В.Ф. Эрн считает, что именно русская философия призвана преодолеть этот разрыв, способом же преодоления разрыва является обращение к логизму. Он отмечает: «Логизму как философской системе, как подлинно синтетической точке зрения, мне кажется, предстоит в будущем огромная роль.... Истинный мир между культурой и Церковью, нарушеный новой историей и процветавший в Средние века и в Византии, может быть восстановлен лишь логистической разработкой метафизических основ культурного делания человечества» [6, с. 290].

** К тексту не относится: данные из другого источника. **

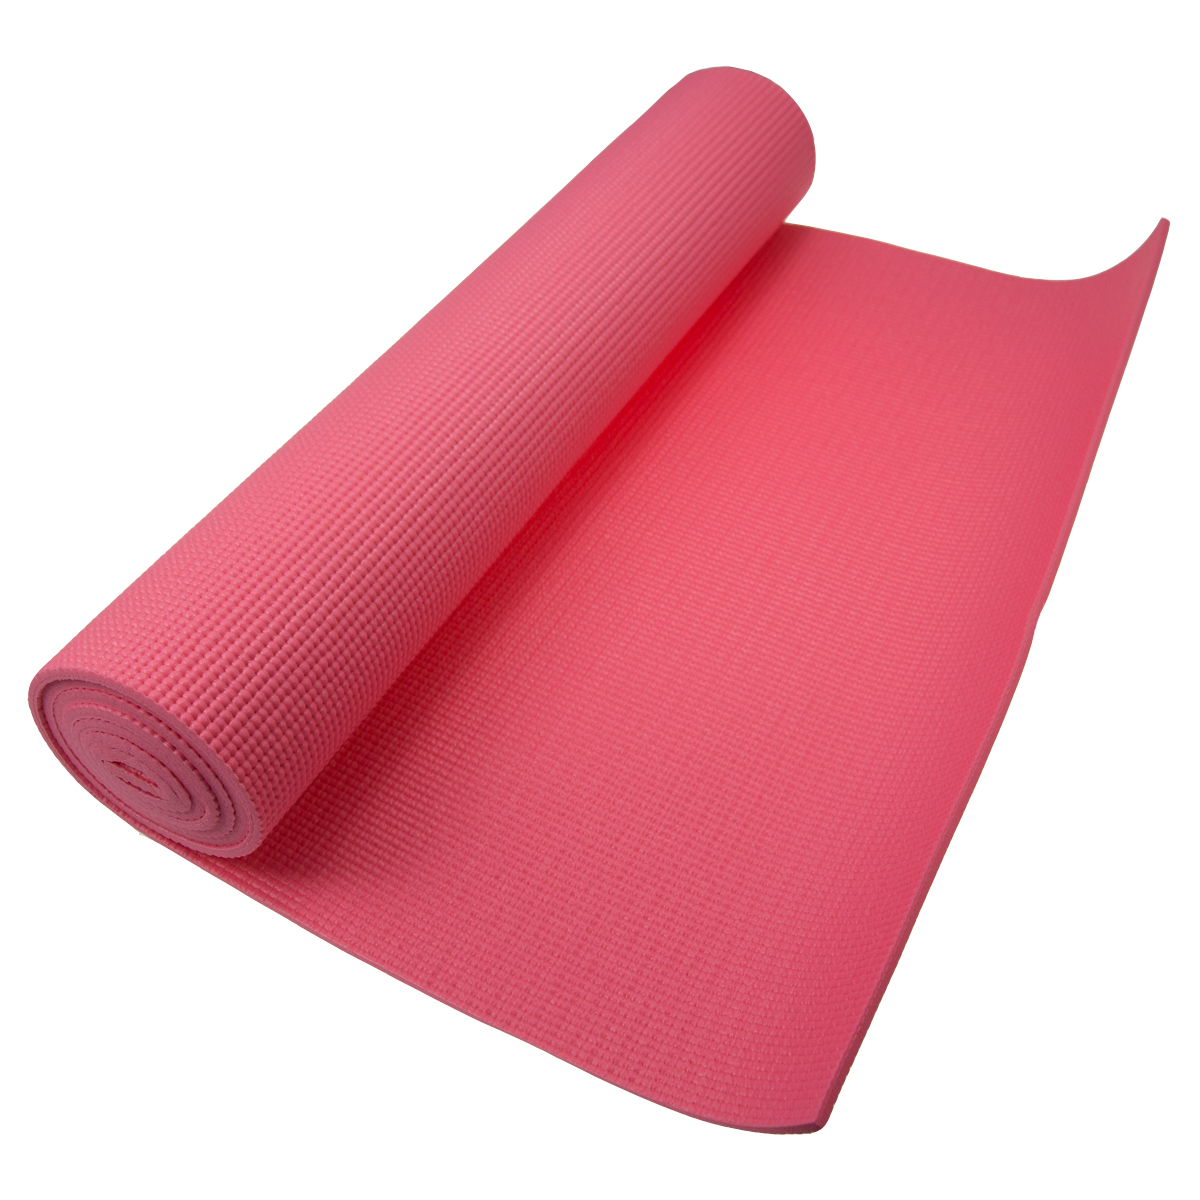 Eva Foam Yoga Mat 7mm Thick Soft Non-Slip Eco-Friendly Equipment For Men Women�Exercise Fitness by Performanz

Примеры можно множить, но из них следует одно: большинство русских философов с конца XIX до середины ХХ веков определяют состояние человеческой культуры как кризисное. Основным критерием наличия кризиса является осознание людьми отсутствие понимания смысла собственного существования и существования человеческой культуры. Причиной наличия кризиса культуры является отказ от религиозного мироощущения в пользу рационального осмысления жизни. Поскольку рациональное мышление принципиально не может охватить все богатство явлений мира в силу своей ограниченности, мировоззрение, построенное на представлениях, фундаментом которых оно является, обнаруживает противоречивость своих собственных посылок. Культура, являющаяся материальным и духовным выражением подобного мировоззрения, в определенный момент переживает кризис.
Выход из кризиса большинство философов связывает с духовным преображением человека, ибо кризис культуры есть лишь отражение противоречий, пронизывающих мир отдельного человека, личности.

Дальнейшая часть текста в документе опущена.